The general cmake compile-time options apply as usual.

That’s it! A 3D WarpX executable is now in build/bin/ and can be run with a 3D example inputs file. Most people execute the binary directly or copy it out to a location in LUMI-P.

Running

MI250X GPUs (2x64 GB)

In non-interactive runs:

Listing 31 You can copy this file from Tools/machines/lumi-csc/submit.sh.

#!/bin/bash

#SBATCH -A <project id>
#SBATCH -J warpx
#SBATCH -o %x-%j.out
#SBATCH -t 00:10:00
# Early access to the GPU partition
#SBATCH -p eap
#SBATCH --nodes=2
#SBATCH --ntasks-per-node=8
#SBATCH --cpus-per-task=1
#SBATCH --gpus-per-node=8
#SBATCH --gpu-bind=closest

export MPICH_GPU_SUPPORT_ENABLED=1

# note (12-12-22)
# this environment setting is currently needed on LUMI to work-around a
# known issue with Libfabric
#export FI_MR_CACHE_MAX_COUNT=0  # libfabric disable caching
# or, less invasive:
export FI_MR_CACHE_MONITOR=memhooks  # alternative cache monitor

# note (9-2-22, OLCFDEV-1079)
# this environment setting is needed to avoid that rocFFT writes a cache in
# the home directory, which does not scale.
export ROCFFT_RTC_CACHE_PATH=/dev/null

export OMP_NUM_THREADS=1
srun ../warpx inputs > outputs

Post-Processing

Note

TODO: Document any Jupyter or data services.

Known System Issues

Warning

December 12th, 2022: There is a caching bug in libFabric that causes WarpX simulations to occasionally hang on LUMI on more than 1 node.
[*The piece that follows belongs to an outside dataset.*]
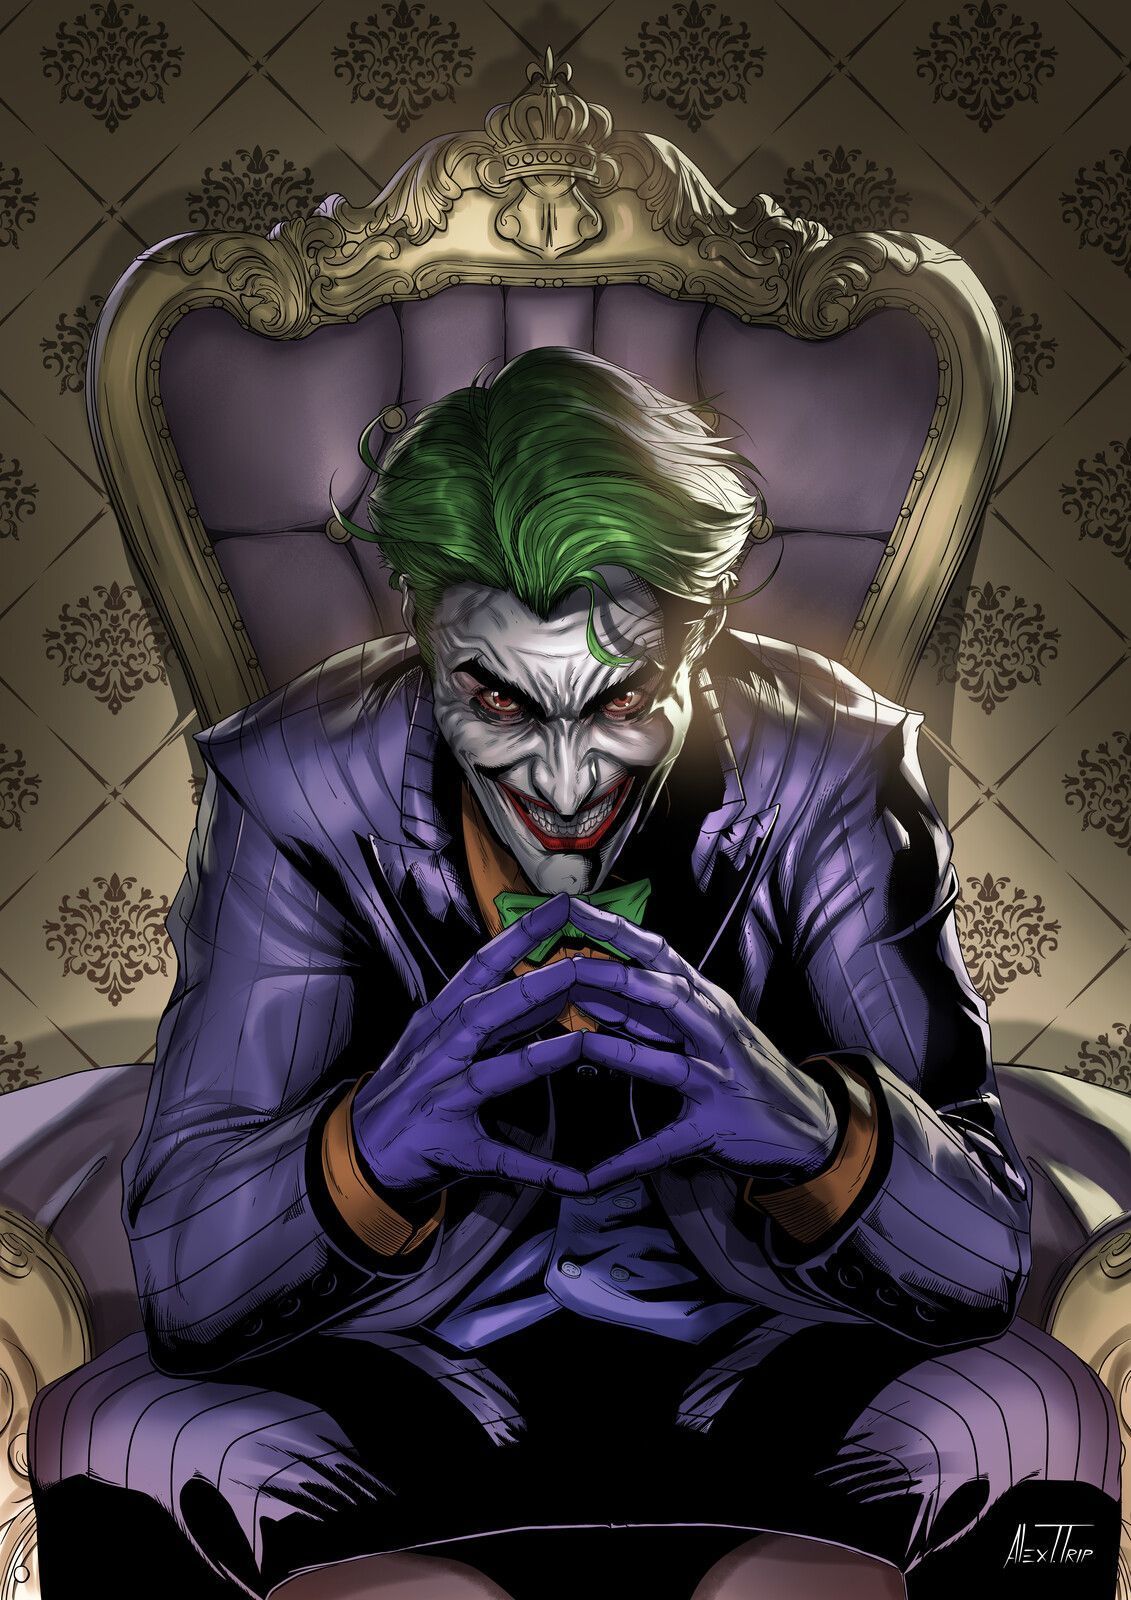 Joker Clown Prinz des Verbrechens, Alex Trpcevski. Joker clown, Joker drawings, Joker artwork

As a work-around, please export the following environment variable in your job scripts until the issue is fixed:

#export FI_MR_CACHE_MAX_COUNT=0  # libfabric disable caching
# or, less invasive:
export FI_MR_CACHE_MONITOR=memhooks  # alternative cache monitor

Warning

January, 2023: We discovered a regression in AMD ROCm, leading to 2x slower current deposition (and other slowdowns) in ROCm 5.3 and 5.4. Reported to AMD and investigating.

Stay with the ROCm 5.2 module to avoid.